Step 3: Masking PII with Glue DataBrew
We will now use DataBrew to mask a sample dataset containing "Customer Names" and "Email Addresses".
- Upload Sample Data: Create a local file
customers.csvwith columns:id, name, email. Upload it to your S3 bucket. - Create Dataset: Open AWS Glue DataBrew, click Datasets > Connect new dataset. Link it to your S3 file.
- Create Project: Click Projects > Create project. Assign it a name and select your dataset.
- Apply Masking Recipe:
- Select the
emailcolumn. - In the toolbar, click TRANSFORM > PII > Masking.
- Choose Mask custom to replace characters with
*.
- Select the
- Deterministic Encryption:
- Select the
namecolumn. - Click TRANSFORM > PII > Deterministic Encryption.
- Provide your KMS key from Step 1.
- Select the
[!TIP]
Deterministic Encryption ensures the same input always yields the same ciphertext, allowing for joins on encrypted columns without exposing the raw data.
Checkpoints
| Checkpoint | Action | Expected Result |
|---|---|---|
| KMS Key State | aws kms describe-key --key-id <ID> | Status should be Enabled. |
| S3 Encryption | Upload a test file and check properties in S3 console. | "Server-side encryption" should show SSE-KMS. |
| DataBrew Job | Run the DataBrew project job. | A new file appears in S3 with masked/encrypted values. |
Concept Review: Envelope Encryption
When encrypting large datasets in S3, AWS uses Envelope Encryption. This process protects the data key that protects your data.
\begin{tikzpicture}[node distance=2cm, every node/.style={draw, fill=blue!10, rounded corners}] \node (kms) {AWS KMS (Root Key)}; \node (dk) [below of=kms] {Data Key (Plaintext)}; \node (edk) [right of=dk, xshift=2cm] {Encrypted Data Key}; \node (data) [below of=dk] {Raw Data}; \node (cipher) [below of=edk] {Ciphertext};
\draw[->] (kms) -- node[right, draw=none, fill=none] {Generates} (dk); \draw[->] (kms) -- (edk); \draw[->] (dk) -- node[left, draw=none, fill=none] {Encrypts} (data); \draw[->] (data) -- (cipher); \draw[->] (edk) -- (cipher); \end{tikzpicture}
Troubleshooting
| Error | Possible Cause | Fix |
|---|---|---|
AccessDenied | IAM role lacks kms:GenerateDataKey or kms:Decrypt. | Update the IAM Policy or KMS Key Policy to allow access. |
KMS InvalidState | The key is pending deletion or disabled. | Ensure the key state is Enabled in the KMS console. |
DataBrew Job Failed | S3 bucket permissions. | Ensure the DataBrew IAM role has s3:GetObject and s3:PutObject access. |
Cost Estimate
- AWS KMS: $1.00 per month per Customer Managed Key (prorated) + $0.03 per 10,000 API calls.
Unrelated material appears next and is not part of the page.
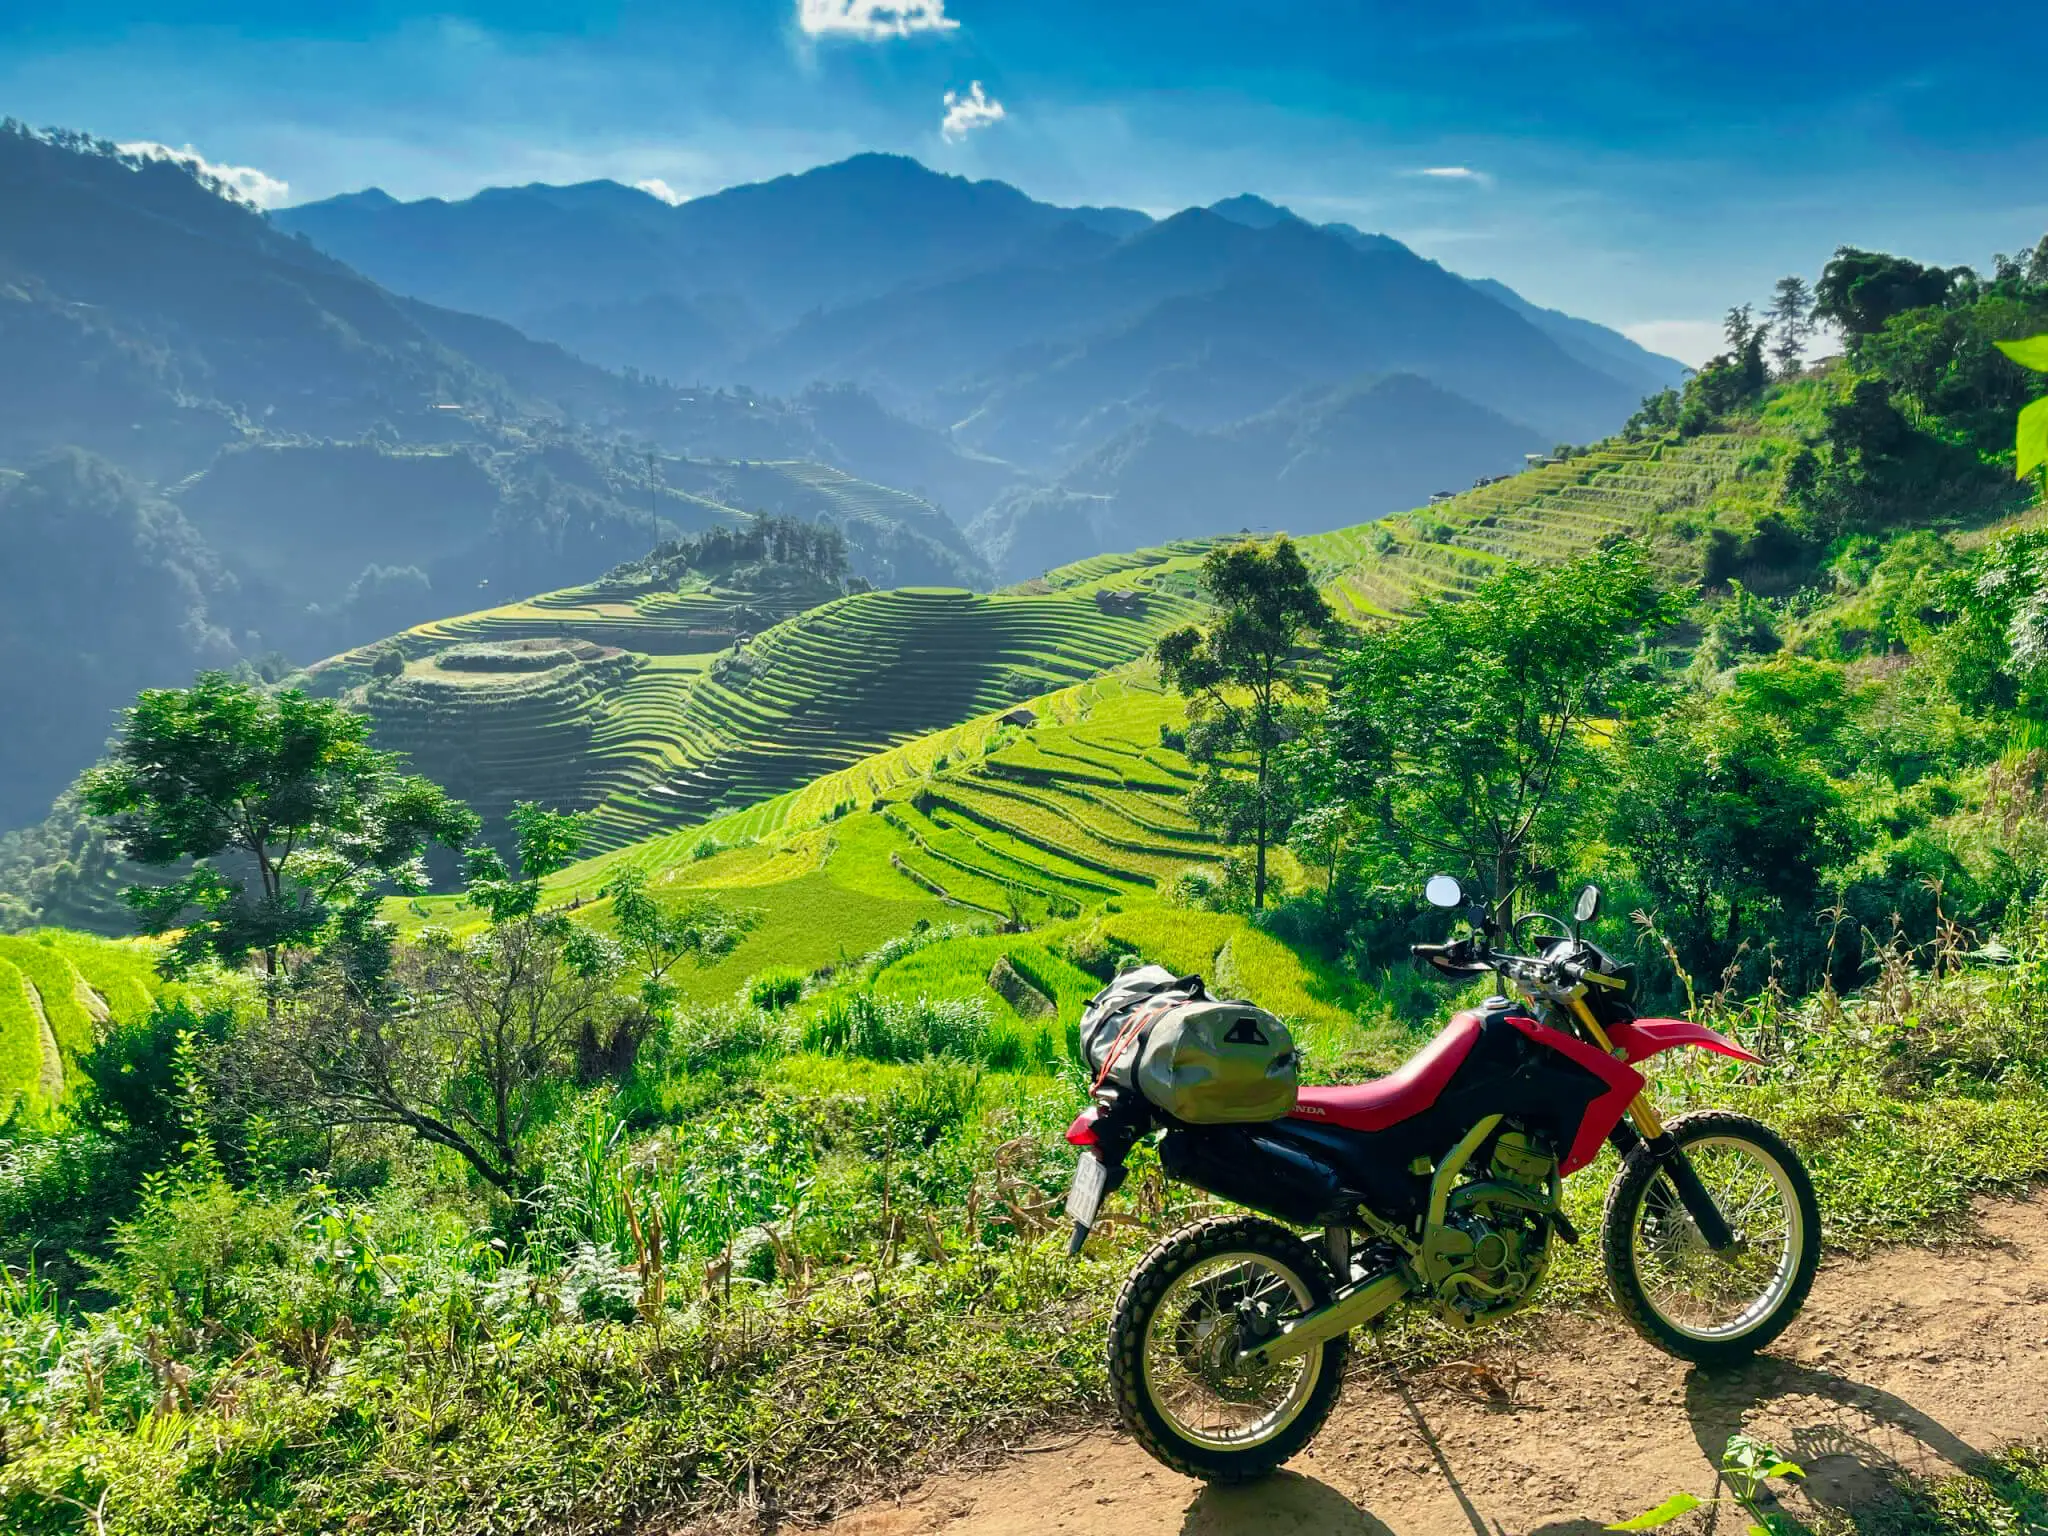 Northern Vietnam Motorbike Tour | Duration 8 DAYS

- Amazon S3: Free tier eligible (first 5GB); standard rates apply otherwise ($0.023/GB).
- Glue DataBrew: $0.48 per interactive session (30-minute increments).
[!WARNING]
KMS keys have a monthly fee. Delete them immediately after the lab to avoid charges.
Challenge
Task: Implement Credential Masking. Use AWS Secrets Manager to store a database password. Then, write a simple Lambda function (conceptually) that retrieves this secret using the SDK. How does this approach differ from hardcoding credentials in your DataBrew recipes?
Teardown
To avoid ongoing charges, execute these commands:
- Empty and Delete S3 Bucket:
bash
aws s3 rm s3://<BUCKET_NAME> --recursive aws s3api delete-bucket --bucket <BUCKET_NAME> - Schedule KMS Key Deletion (Minimum 7-day waiting period):
bash
aws kms schedule-key-deletion --key-id <YOUR_KMS_KEY_ID> --pending-window-in-days 7 - Delete DataBrew Project: Manual deletion in the console is required for DataBrew projects and recipes.